America, a Journey as a Metaphor, 2025 - On going
In 1995, I arrived in the United States from Cuba, leaving behind a communist dictatorship for the radical promise of self-reinvention. For thirty years, I have called this country home, living through the defining chapters of my life—my 30s, 40s, and now my 50s—decades anchored by the freedom to be, to express, and to reinvent. I love my adopted country deeply, yet as I navigate my 50s under the current Administration, I am struck by a profound sadness. I am witnessing the "perfectly imperfect" beauty of this democracy become something increasingly unrecognizable.
“America, a Journey as a Metaphor” is an ongoing photographic meditation born from this tension. The series explores the widening gap between the America I discovered three decades ago and the urgent, often paradoxical realities of the present day. The work comprises everyday scenes captured starting in 2025, juxtaposed with archival photographs that I have digitally intervened in. Both the straight photographs and the digital interventions serve as a "visual denouncement"—a method of interrogating how collective and personal histories are being re-framed in today’s social and political climate.

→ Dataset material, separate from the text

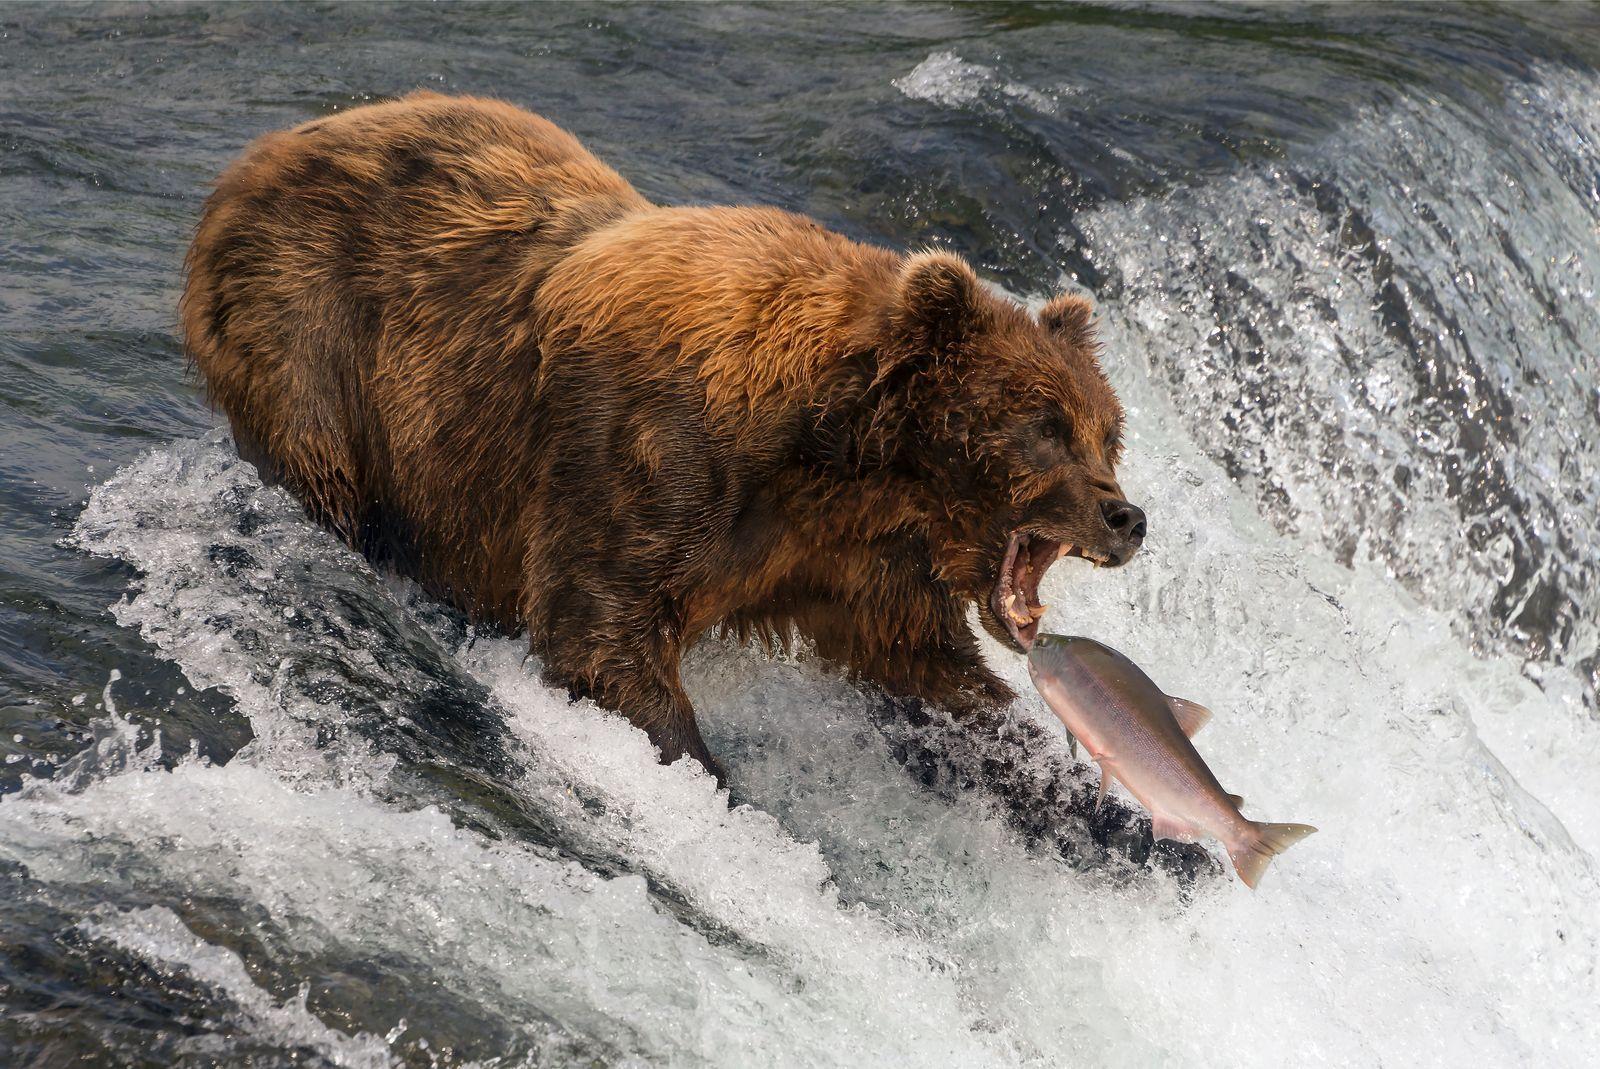 Oso a punto de comerse un salmón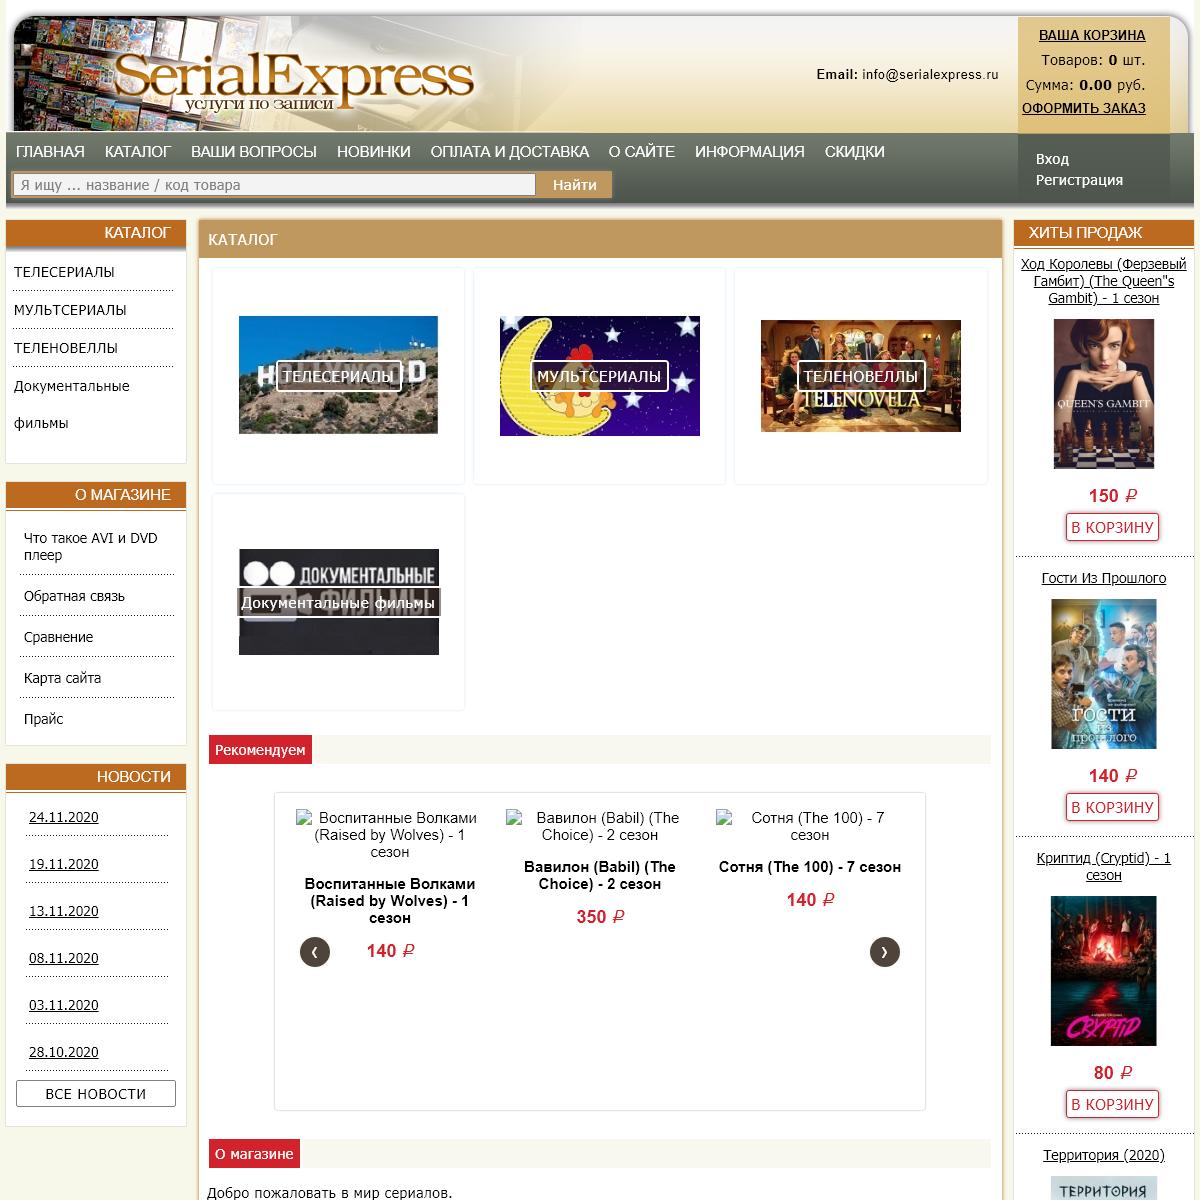 Serialexpress.ru - купить сериалы на dvd, услуги по записи сериалов, доставка по�

I aim to expose the fragility of the present. The journey evoked in this work is not merely geographical, but symbolic and psychological: roads, landscapes, and faces become metaphors for resilience, fragility, conflict, and hope. By oscillating between the immediate and the remembered, the series invites viewers to pause and consider the evolving contours of democracy and belonging. It is my invitation to bear witness to a country in flux while asserting the enduring capacity of photography to interrogate, denounce, and inspire.